# **Exploratory Data Analysis**

In this program, we will analyze comments of banking services by visualizing word frequency as wordcloud. Three wordclound for possitive, negative and neutral comments will be displayed. 

In [1]:
!pip3 install pythainlp # install the pythainlp library



In [2]:
# Import python libraries used in this program
import string
import unicodedata
import numpy as np
import pandas as pd
import matplotlib.pyplot as plt
from wordcloud import WordCloud
from nltk.probability import FreqDist
from pythainlp.tokenize import word_tokenize
from pythainlp.util import normalize
from pythainlp.tag import pos_tag
from pythainlp.corpus.common import thai_stopwords
from pythainlp import thai_punctuations

ModuleNotFoundError: No module named 'pandas'

In [0]:
# Define proprocessing function 
def preprocessing(text):
  text = unicodedata.normalize("NFKD", text)
  # step 1: word tokenization 
  token = word_tokenize(text, engine="longest", keep_whitespace=False)
  # step 2: word normalization 
  normalized_token = []
  for item in token:
    normalized_token.append(normalize(item))
  #step 3: remove stop words
  stopwords = thai_stopwords()
  woStopword_token = []
  for item in normalized_token:
    if item not in stopwords:
      woStopword_token.append(item)
  #step 4: remove punctuation
  en_punctuation = string.punctuation
  th_punctuation = thai_punctuations
  punctuation = en_punctuation+th_punctuation
  final_token = []
  for item in woStopword_token:
	  if item not in punctuation:
		  final_token.append(item) 
  return final_token

In [0]:
def filteringPOS(tokens,poslist):
  pos = pos_tag(tokens,engine='perceptron',corpus='orchid')
  filtered_token = []
  for item in pos:
    if item[1] in poslist:
      filtered_token.append(item[0])
  return filtered_token

In [0]:
# Read data from an excel file (i.e.

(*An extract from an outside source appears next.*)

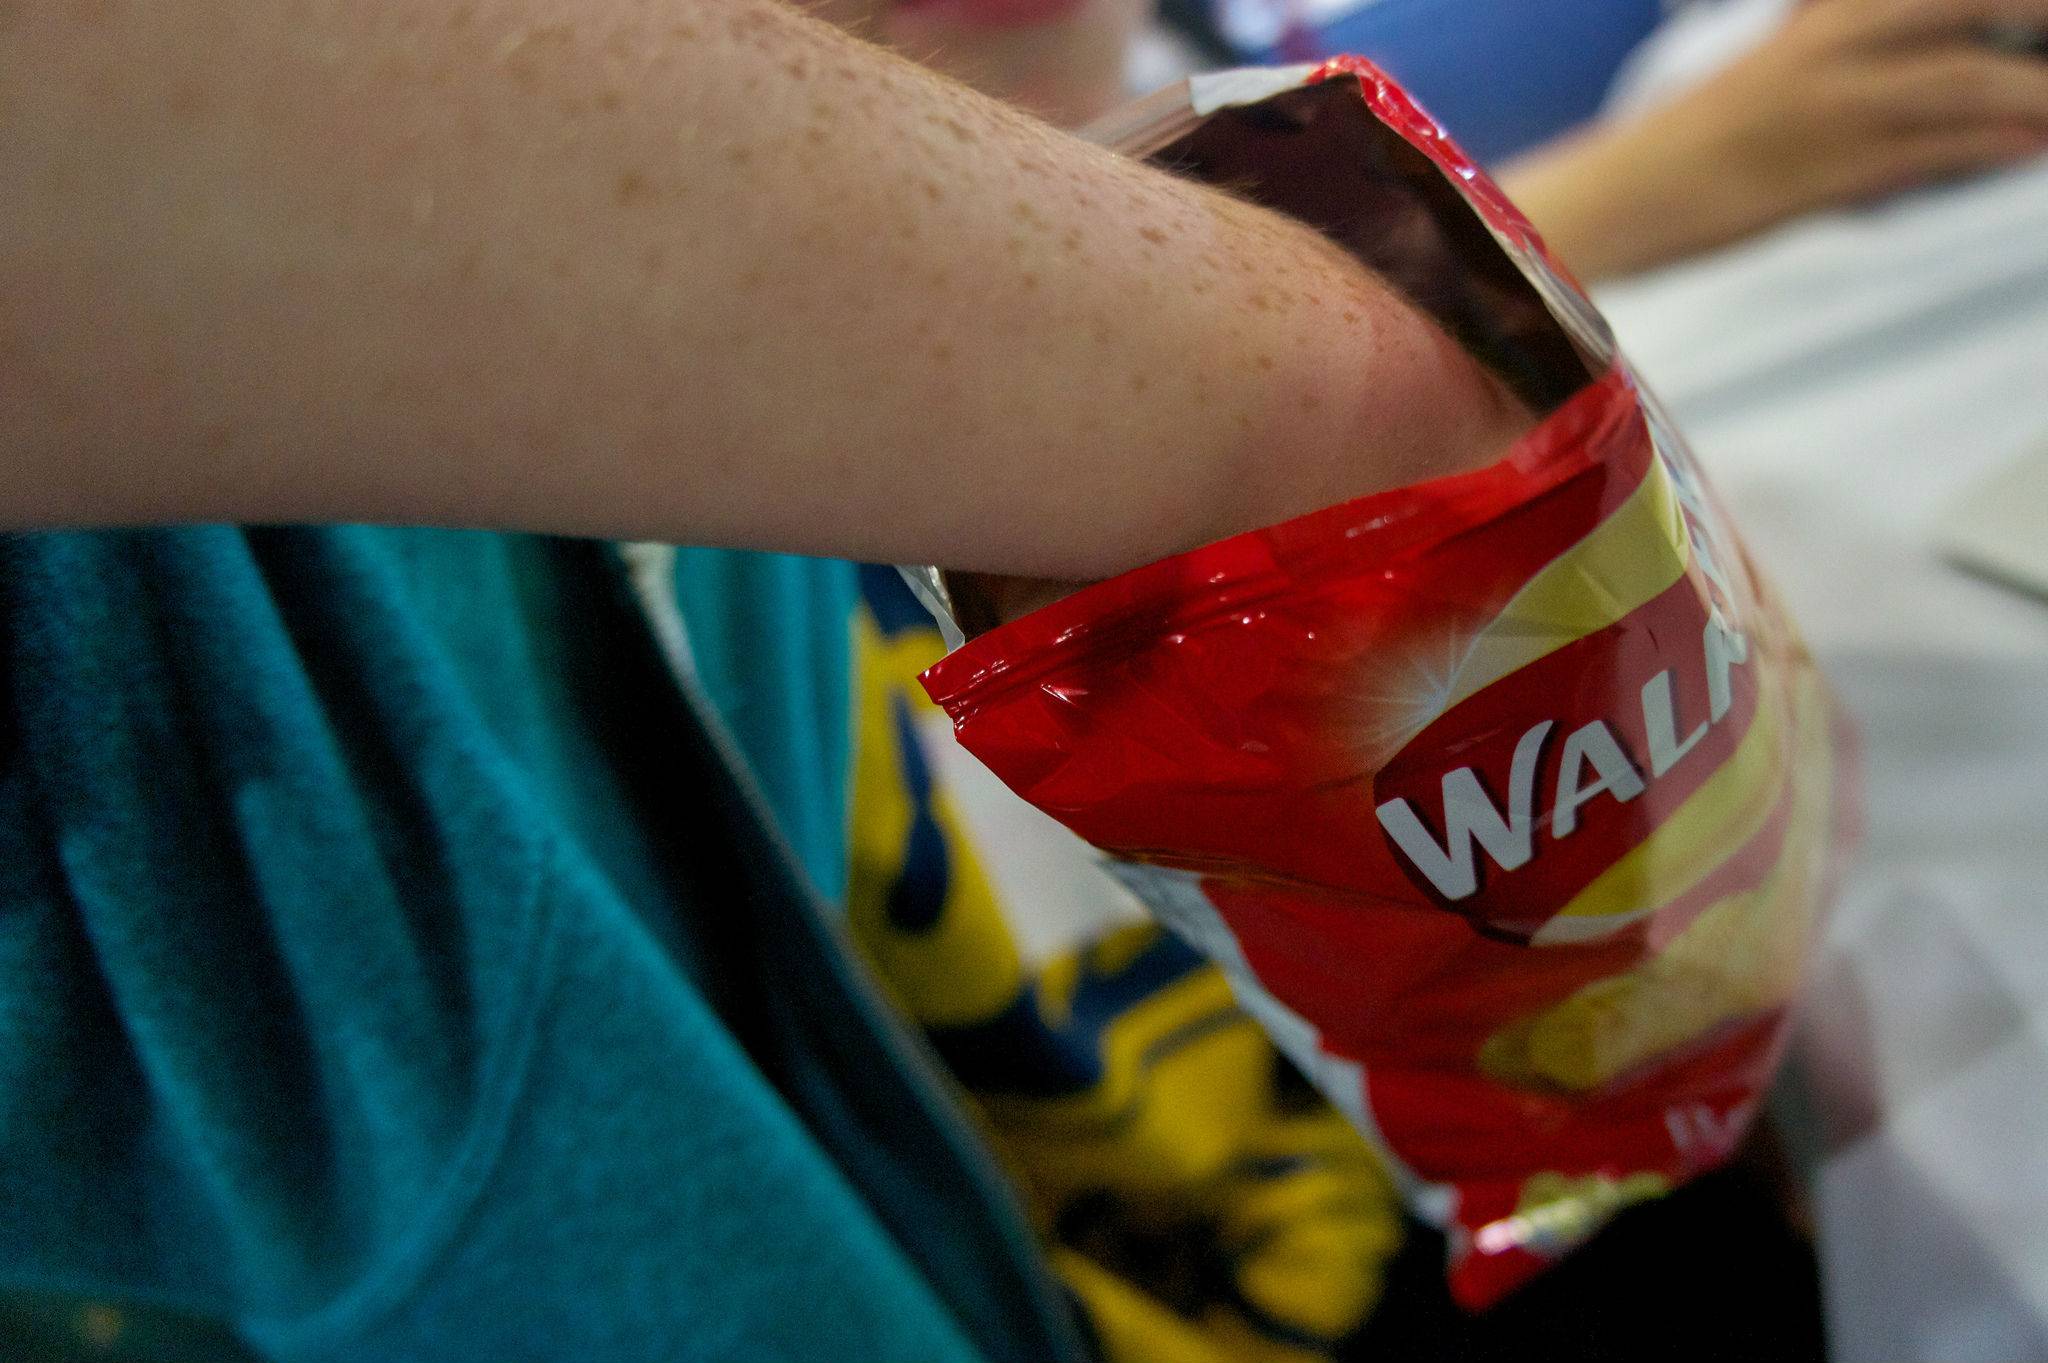 Brits skip meals for snacks

FB180_Social_Dataset_Classification.xlsx) 
data = pd.read_excel('FB180_Social_Dataset_Classification.xlsx') # You may need to change the file name. Please get the file name from the previous cell
data.head()

In [0]:
# Explore possitive comments
# Step 1: select recodes of possitive comments from data
possitive_comments = data[(data.Sentiment == 'positive')]
possitive_comments.head()

# Step 2: create a set of words extracted from possitive comments
possitive_words = []
for item in possitive_comments.itertuples():
  token = preprocessing(item.Text)
  #token = filteringPOS(token,["ADVN","ADV","ADVI","ADVP","ADVS","ADJ","NONM","VATT","DONM","PART","FIXN","FIXV","EAFF","EITT","AITT","NEG"])
  possitive_words = possitive_words+token

# Step 3: count word frequency
fdist = FreqDist(possitive_words)

# Step 4: visualize wordcloud
wc = WordCloud(font_path='THSarabunNew.ttf',background_color="white", regexp = r"[ก-๙a-zA-Z']+",)
# generate word cloud
wc.generate_from_frequencies(fdist)
# show
plt.imshow(wc, interpolation="bilinear")
plt.axis("off")
plt.show()

In [0]:
# Explore negative comments
# Step 1: select recodes of negative comments from data
negative_comments = data[(data.Sentiment == 'negative')]
negative_comments.head()

# Step 2: create a set of words extracted from negative comments
negative_words = []
for item in negative_comments.itertuples():
  token = preprocessing(item.Text)
  #token = filteringPOS(token,["ADVN","ADV","ADVI","ADVP","ADVS","ADJ","NONM","VATT","DONM","PART","FIXN","FIXV","EAFF","EITT","AITT","NEG"])
  negative_words = negative_words+token

# Step 3: count word frequency
fdist = FreqDist(negative_words)

# Step 4: visualize wordcloud
wc = WordCloud(font_path='THSarabunNew.ttf',background_color="white", regexp = r"[ก-๙a-zA-Z']+",)
# generate word cloud
wc.generate_from_frequencies(fdist)
# show
plt.imshow(wc, interpolation="bilinear")
plt.axis("off")
plt.show()

In [0]:
# Explore neutral comments
# Step 1: select recodes of neutral comments from data
neutral_comments = data[(data.Sentiment == 'neutral')]
neutral_comments.head()

# Step 2: create a set of words extracted from neutral comments
neutral_words = []
for item in neutral_comments.itertuples():
  token = preprocessing(item.Text)
  #token = filteringPOS(token,["ADVN","ADV","ADVI","ADVP","ADVS","ADJ","NONM","VATT","DONM","PART","FIXN","FIXV","EAFF","EITT","AITT","NEG"])
  neutral_words = neutral_words+token

# Step 3: count word frequency
fdist = FreqDist(neutral_words)

# Step 4: visualize wordcloud
wc = WordCloud(font_path='THSarabunNew.ttf',background_color="white", regexp = r"[ก-๙a-zA-Z']+",)
# generate word cloud
wc.generate_from_frequencies(fdist)
# show
plt.imshow(wc, interpolation="bilinear")
plt.axis("off")
plt.show()